Mas acabou: um dia, alguém por Lisboa se lembrou, que não era rentável haver tantos reinos. Sobretudo que era um desperdício a existência de reinos poviléus constituídos exclusivamente por Básicos e Jardineiros! E vai daí manda cá para fora um Despacho obrigando os reinos-poviléus a agruparem-se ao reino da Dama de Ferro. Estava instalado o caos! Toda a elite tremia como varas verdes. Mas depois, matreiramente, lá constituíram uma lista candidata, incluindo nela, como era obrigatório, elementos do poviléu, uma jardineira e uma básica… mas escolhidas a dedo, isto é, tendo a certeza que não iriam pôr em causa num suspiro ou numa vírgula que fosse, a tão sábia (?) liderança da Dama de Ferro e sua cúria!
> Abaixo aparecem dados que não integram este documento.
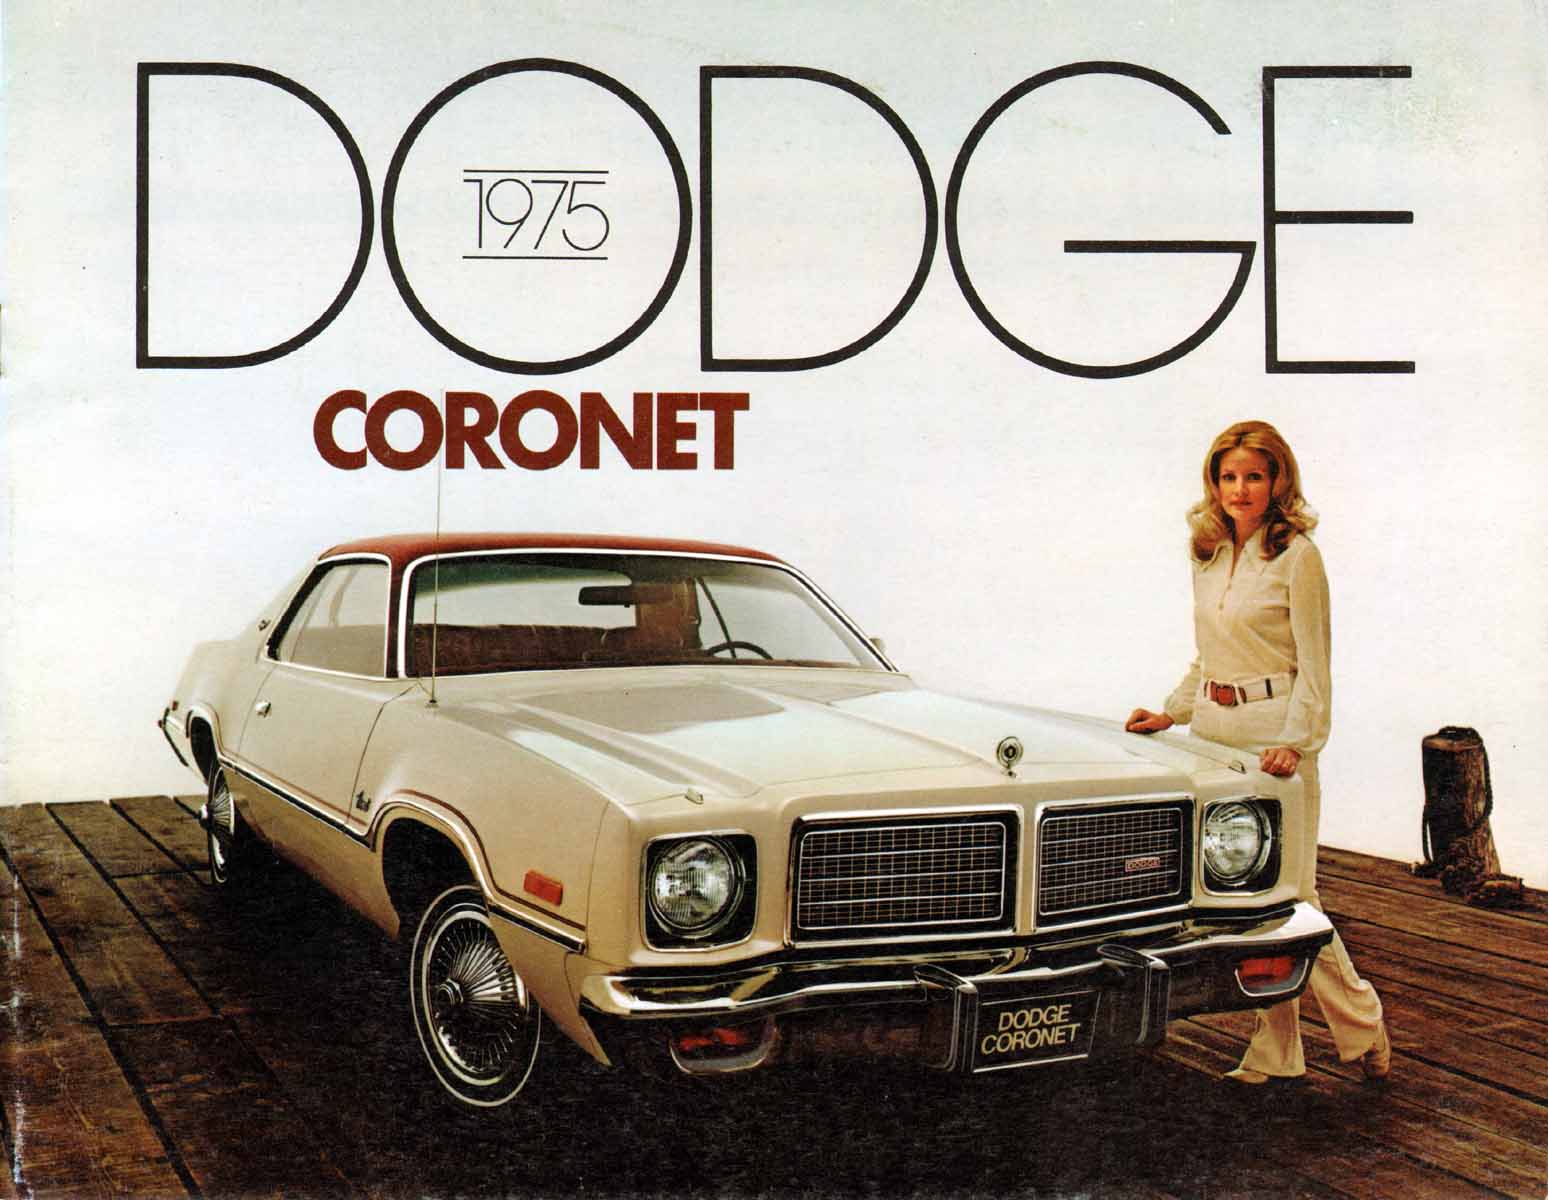 1975_Dodge_Coronet-01

O objectivo principal, era nunca permitir que as instalações do reino da Dama de Ferro, qual Torre de Menagem, fossem algum dia invadidas pelo poviléu… mas que se ficasse lá por baixo, que se entendesse ou até que se encornasse, mas que não viesse cá para cima incomodar os “sotores iluminados na ciência infusa”!
Mas não foi assim e o poviléu, marchando nas suas fardas de básicos e jardineiros, fizeram uma lista alternativa e, tendo por estandarte o medo da escravatura e por guião uma cadeira-de-rodas coitadinha, conseguiram uma Vitória memorável, que “escandalizou” toda a urbe.
O pânico semeou-se! Mas, mesmo assim, não era motivo para desanimar, aquela primeira luta era só válida por um ano…havia que conter as lágrimas, o medo, ou mesmo alguma raiva. Nada estava perdido ainda… afinal um ano iria passar depressa, tinha era que se arranjar estratégias – fossem elas quais fossem, porque os fins justificavam os meios! – para lançar os vencedores no disparate, no ridículo e mostrar a todos que eram afinal uns incompetentes! E para isso, começou-se logo já por apagar dos computadores todos os arquivos importantes, qual política da terra-queimada… “haviam de se ver à nora com os problemas e no final do ano, com novas eleições, mas agora para vários anos… é que eles iam ver!” E assim se passou mais um ano…difícil, difícil, difícil!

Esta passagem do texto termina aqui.